As above noted, it appears that the trial and appellate courts did not apply the rule as modified by Chapski. The plaintiff here should have the opportunity to have the trial court make that determination.” (99 Ill. 2d 24, 28-29.)

In accordance with the foregoing, the Hospital should have the opportunity to have the circuit court consider its amended complaint under the rule enumerated in Chapski v. Copley Press, and its dismissal, therefore, must be vacated and remanded.

Ill

The JCAH contends that the Hospital’s brief is directed solely at the Tribune newspaper article and that, therefore, the Hospital has waived the right to argue any ground for reversal of the order dismissing the amended complaint as to the JCAH. In its motion before the circuit court, the JCAH incorporated by reference the motion to dismiss filed by the Tribune together with the affidavits and briefs in support thereof. The Hospital observes that its initial brief addresses the issues raised by the Tribune’s motion to dismiss which were the basis for the circuit court’s order.

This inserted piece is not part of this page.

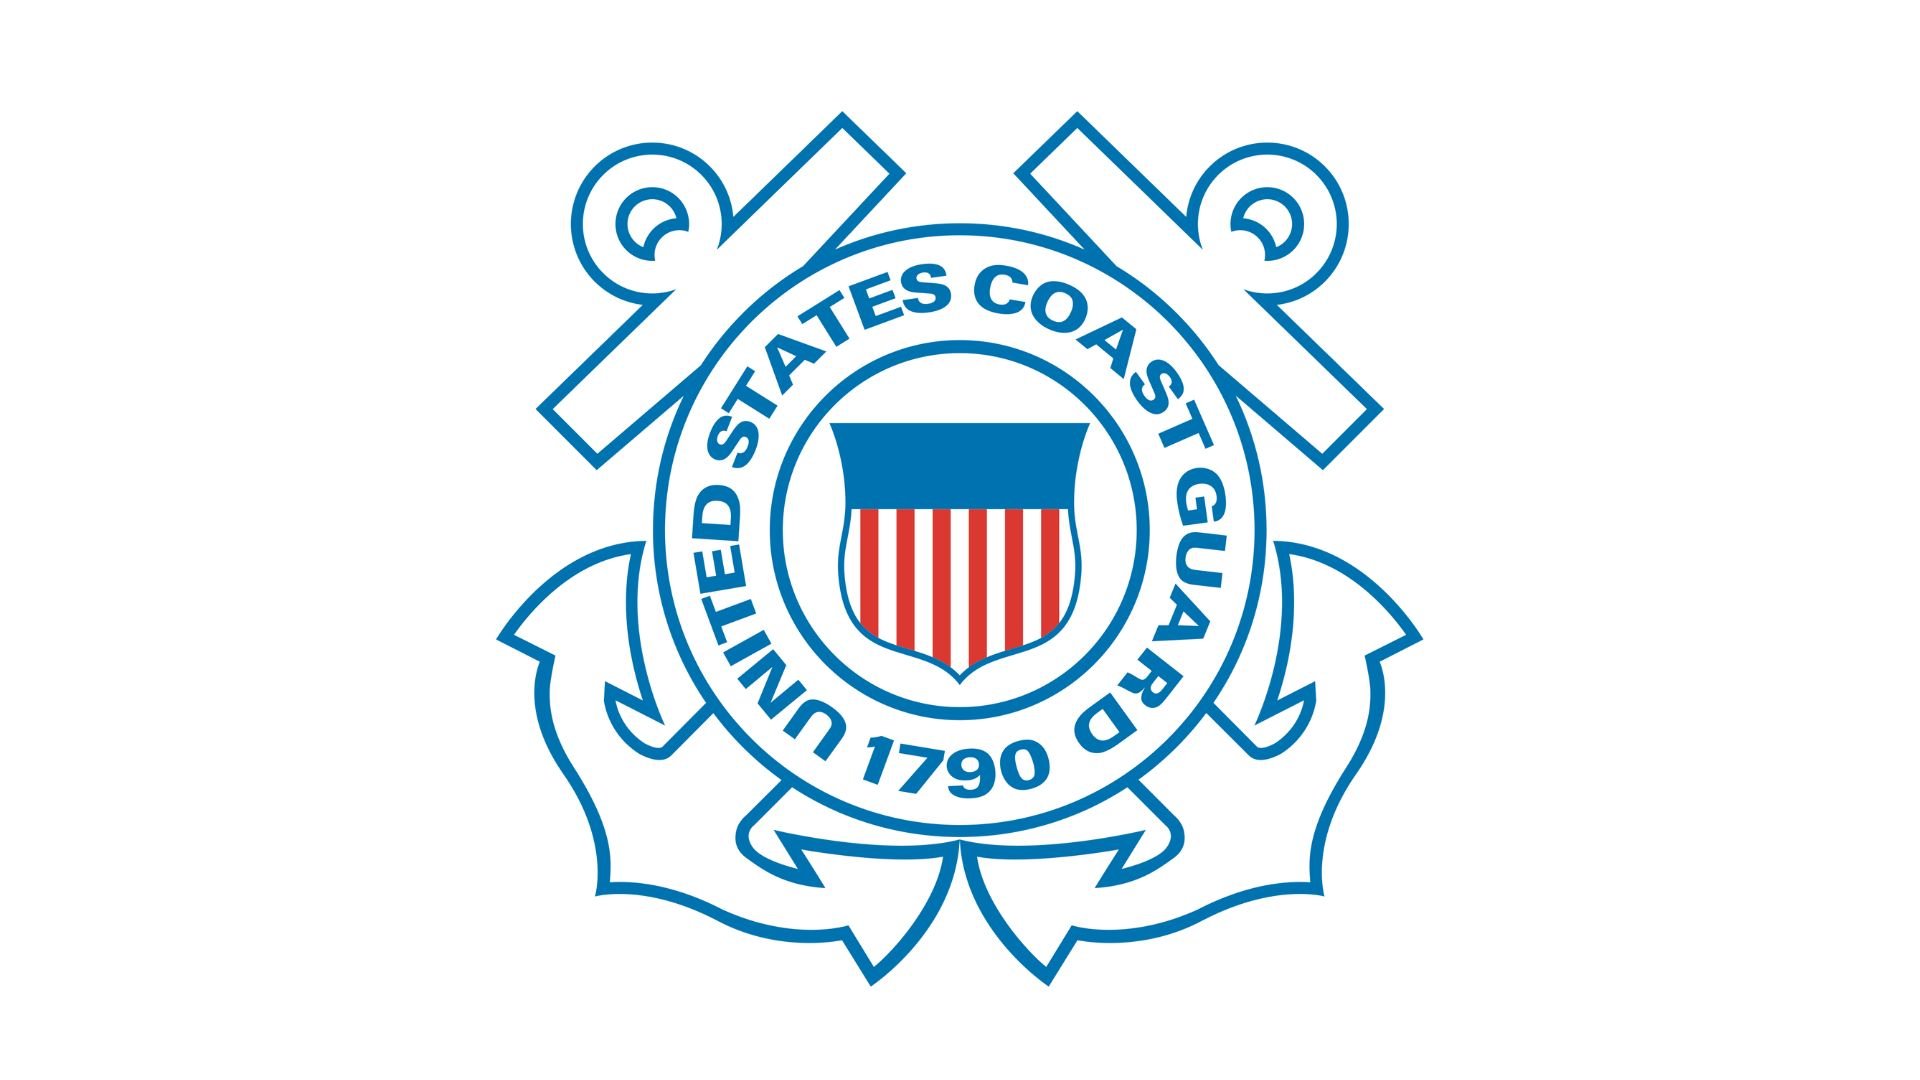 Complete Logistics Support CLSSERVE Coast Guard Logo Blue on White Background.jpg

A reviewing court’s responsibility for a just result and for the maintenance of a sound and uniform body of precedent may sometimes override considerations of waiver. (Hux v. Roben (1967), 38 Ill. 2d 223, 225, 230 N.E.2d 831.) Given the procedural posture of this controversy, and the interest in assuring legal uniformity and a fair outcome, the merits of the circuit court’s order dismissing the *443amended complaint as it pertains to JCAH must be considered.

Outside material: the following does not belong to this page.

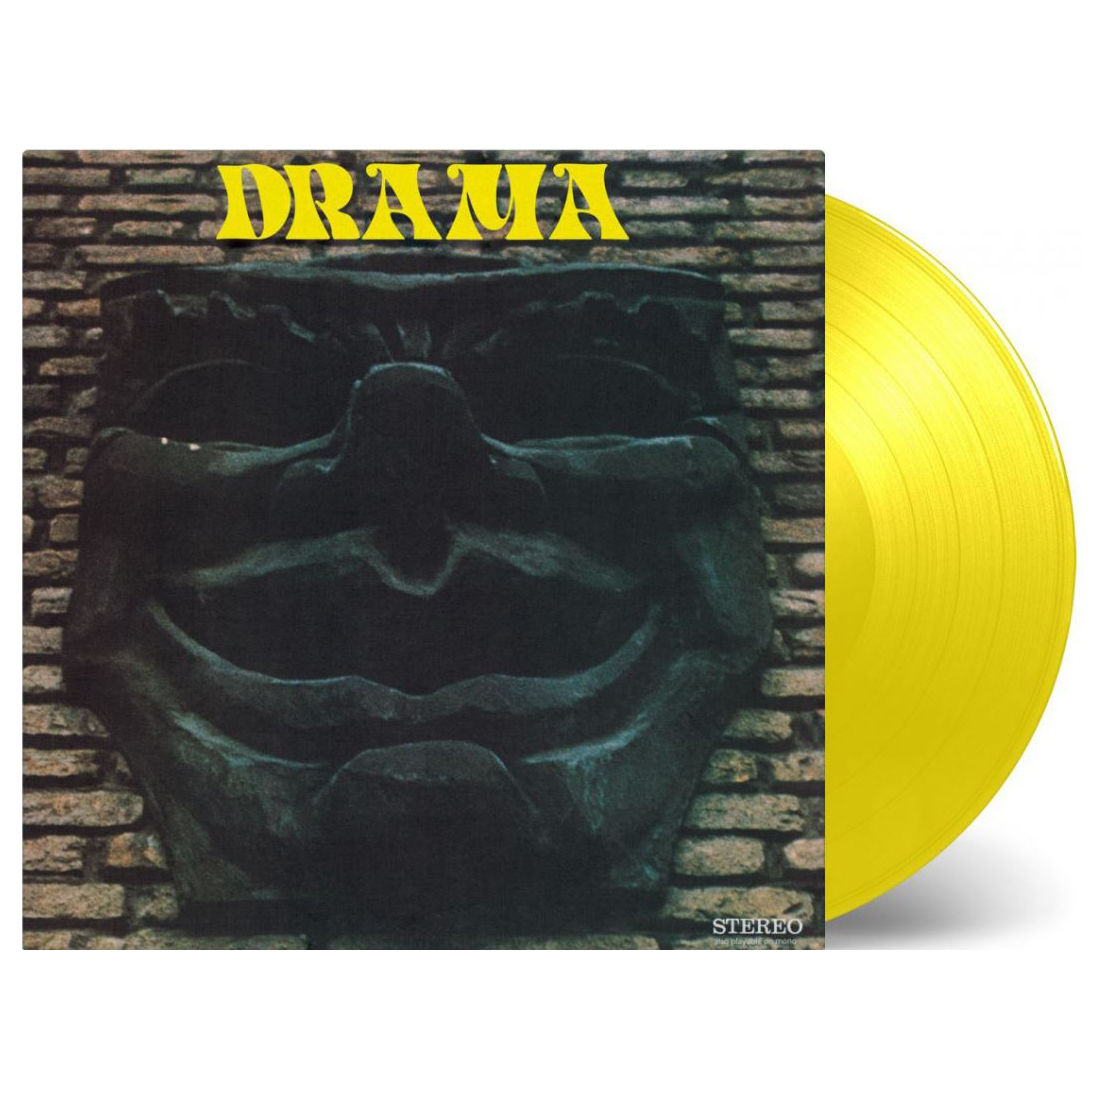 Drama: Limited Yellow Vinyl LP

Count III alleged, inter alia, that: the JCAH composed a false and libelous letter or spoke false and slanderous words to the Tribune; and the false matter so communicated was that the Hospital had been refused accreditation. On appeal, the JCAH incorporates into its brief all arguments and defenses advanced in the Tribune’s brief. Illinois law no longer recognizes any substantive differences between libel and slander. (American Pet Motels, Inc. v. Chicago Veterinary Medical Association (1982), 106 Ill. App. 3d 626, 629, 435 N.E.2d 1297; Mitchell v. Peoria Journal-Star, Inc. (1966), 76 Ill. App. 2d 154, 159, 221 N.E.2d 516.) The additional allegation of slander against JCAH, therefore, is not material. Since the substance of the alleged JCAH communication was the same as that published by the Tribune, the principles set forth in part II of this opinion compel a similar result as to count III.

For the given reasons, the judgment of the circuit court is affirmed in part, vacated in part and remanded with directions to consider the amended complaint as to all defendants under the rule of construction enunciated in Chapski v. Copley Press.

Affirmed in part, vacated in part and remanded.

DOWNING, P.J., and STAMOS, J., concur.